» **Your goal**
For this exercise, repeat exactly the lines below starting at the line holding "COOFANDY Men's Business" and ending at the line holding "Đơn vị chuyên", both included, with no extra lines and no pictures.

» **The data**
—————
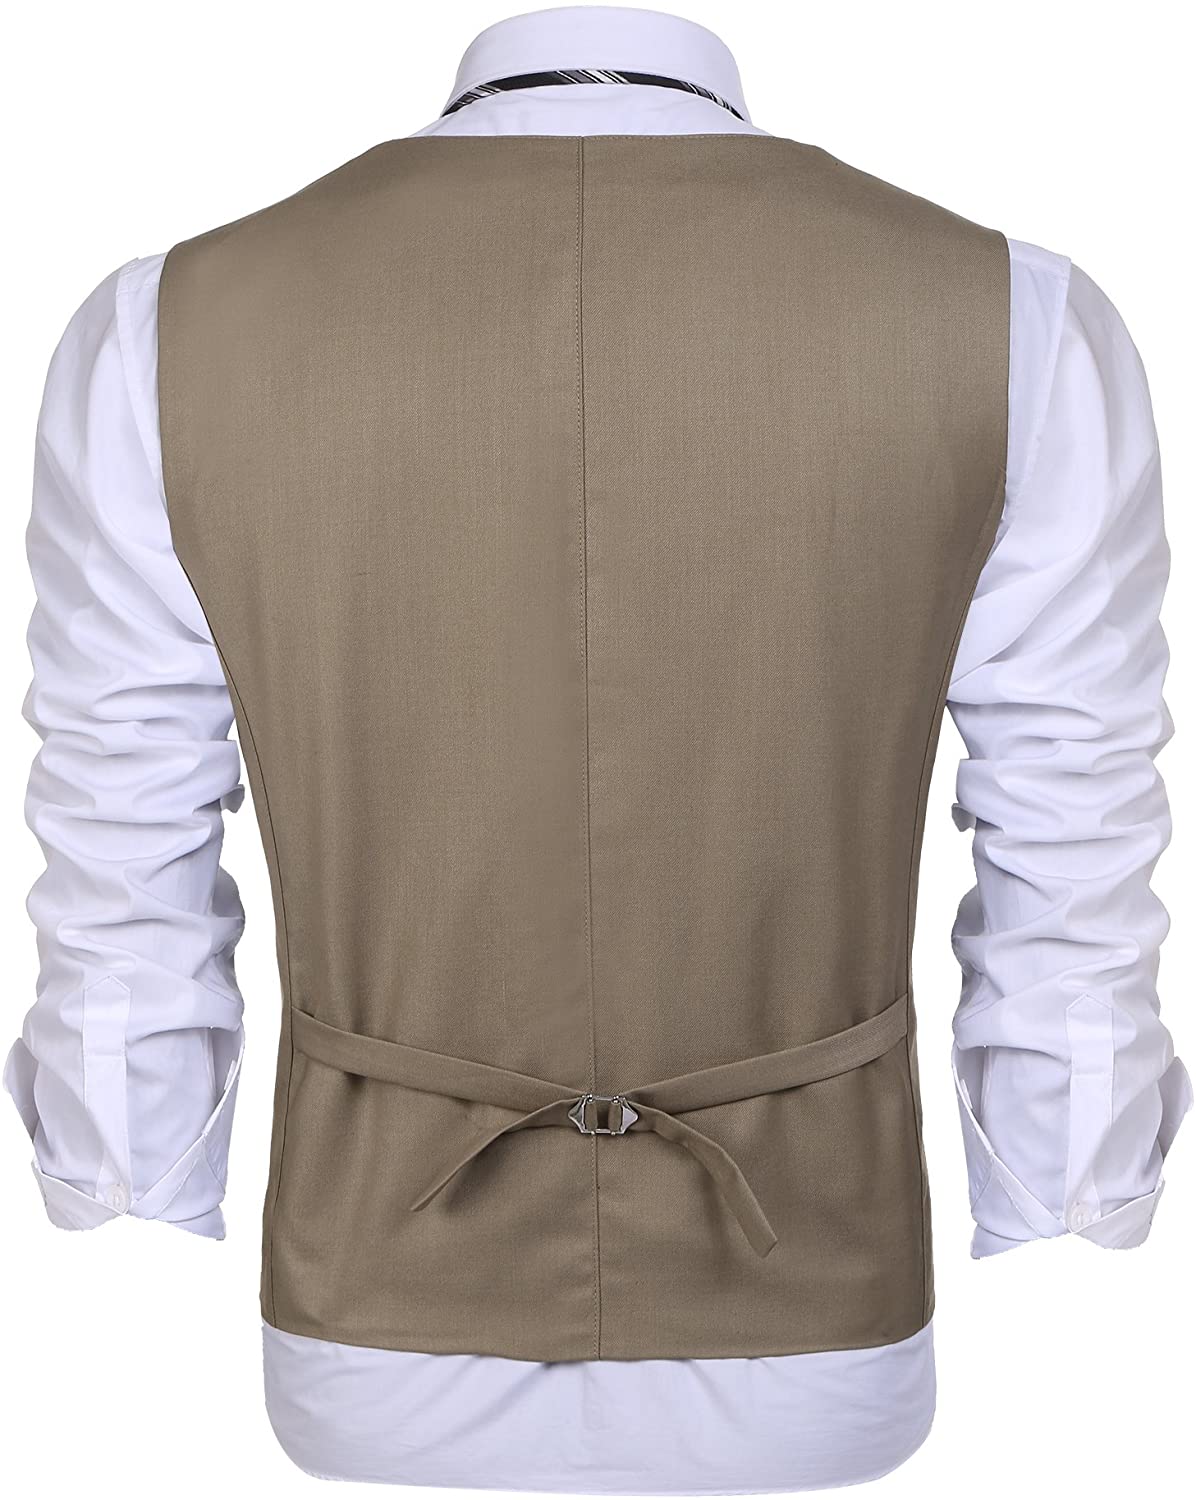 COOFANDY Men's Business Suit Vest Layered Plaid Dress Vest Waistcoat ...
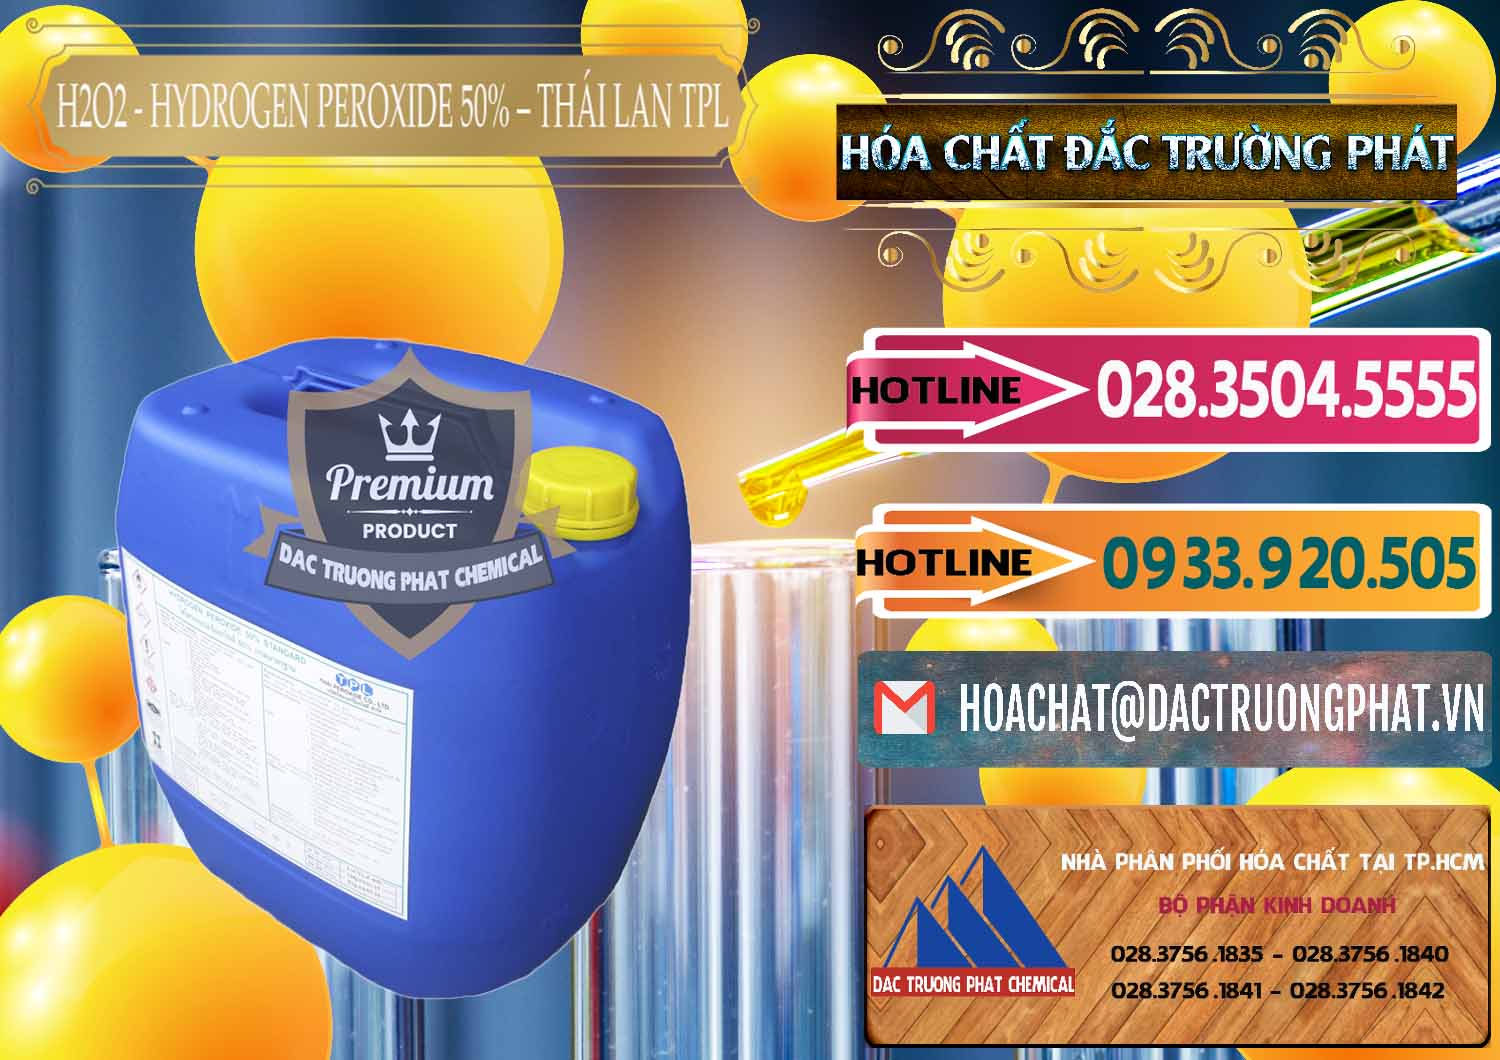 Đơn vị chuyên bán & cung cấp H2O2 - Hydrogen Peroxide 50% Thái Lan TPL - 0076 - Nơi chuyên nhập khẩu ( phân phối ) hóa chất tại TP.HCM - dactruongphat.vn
—————
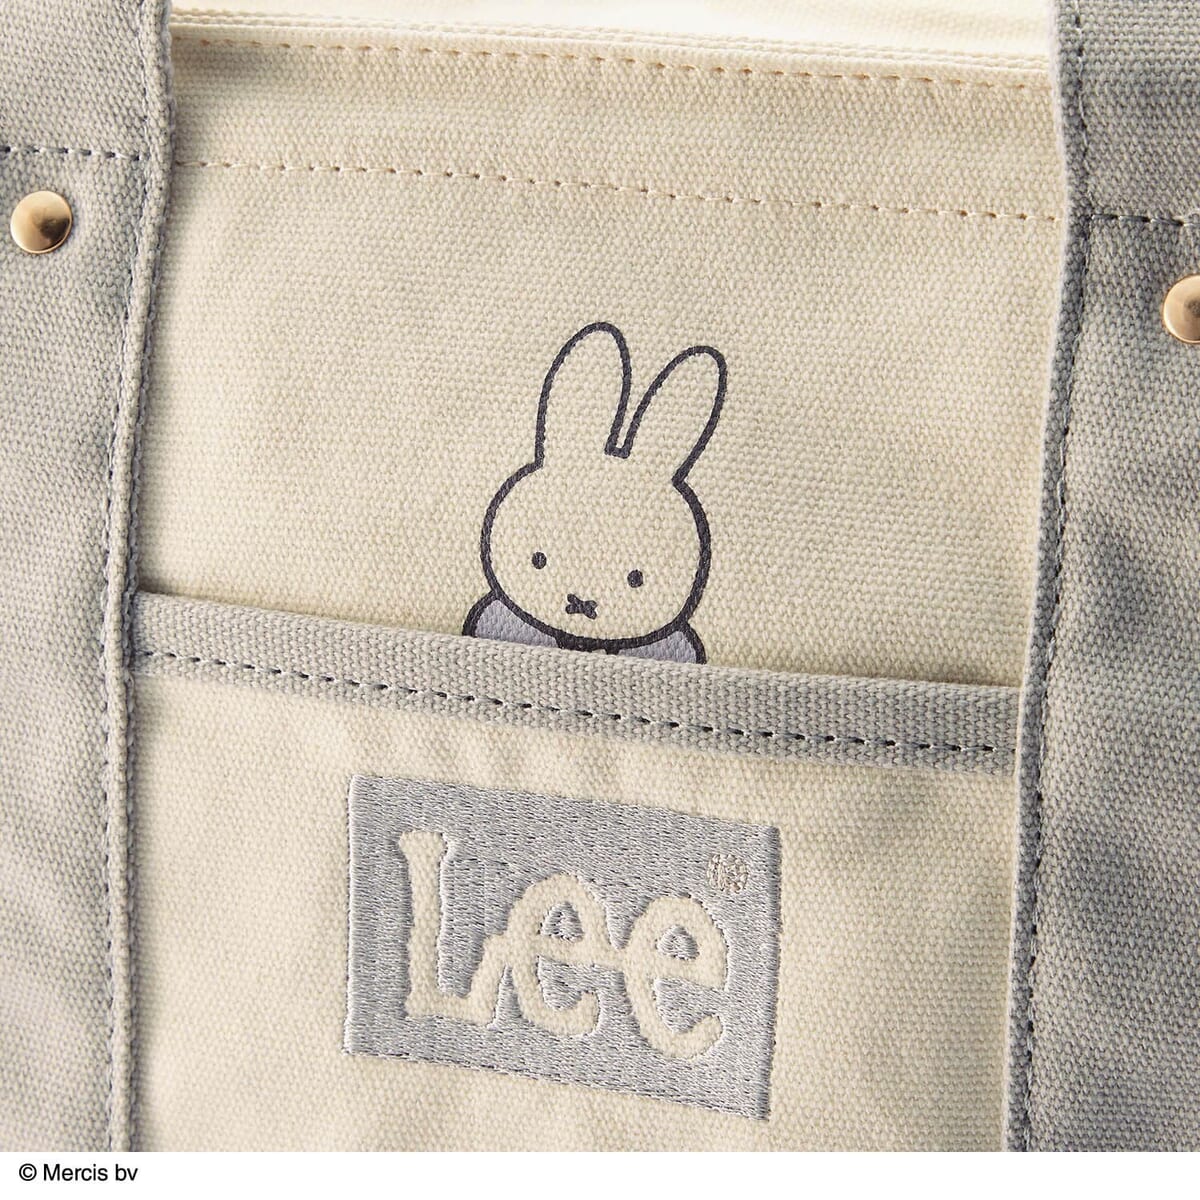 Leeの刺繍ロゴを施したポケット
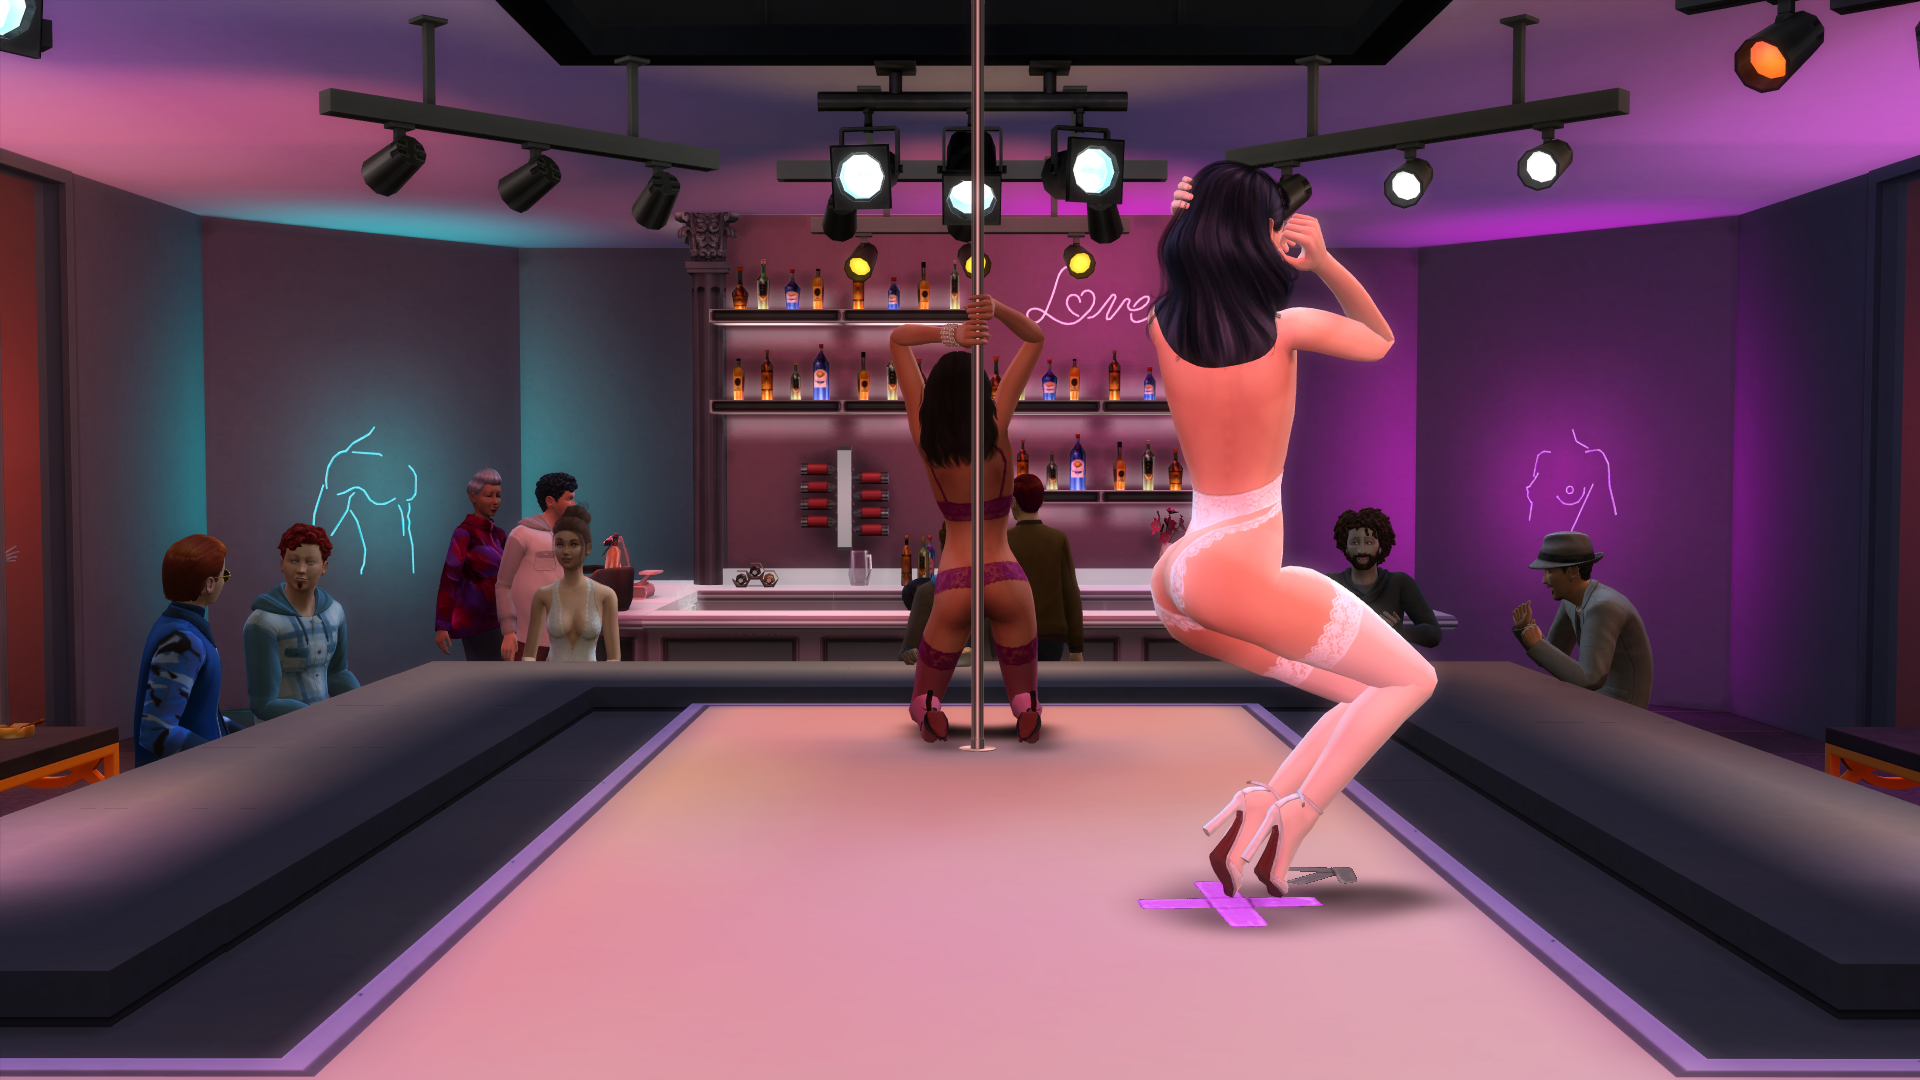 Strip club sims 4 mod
—————
» **Output of the task**
 COOFANDY Men's Business Suit Vest Layered Plaid Dress Vest Waistcoat ...
 Đơn vị chuyên bán & cung cấp H2O2 - Hydrogen Peroxide 50% Thái Lan TPL - 0076 - Nơi chuyên nhập khẩu ( phân phối ) hóa chất tại TP.HCM - dactruongphat.vn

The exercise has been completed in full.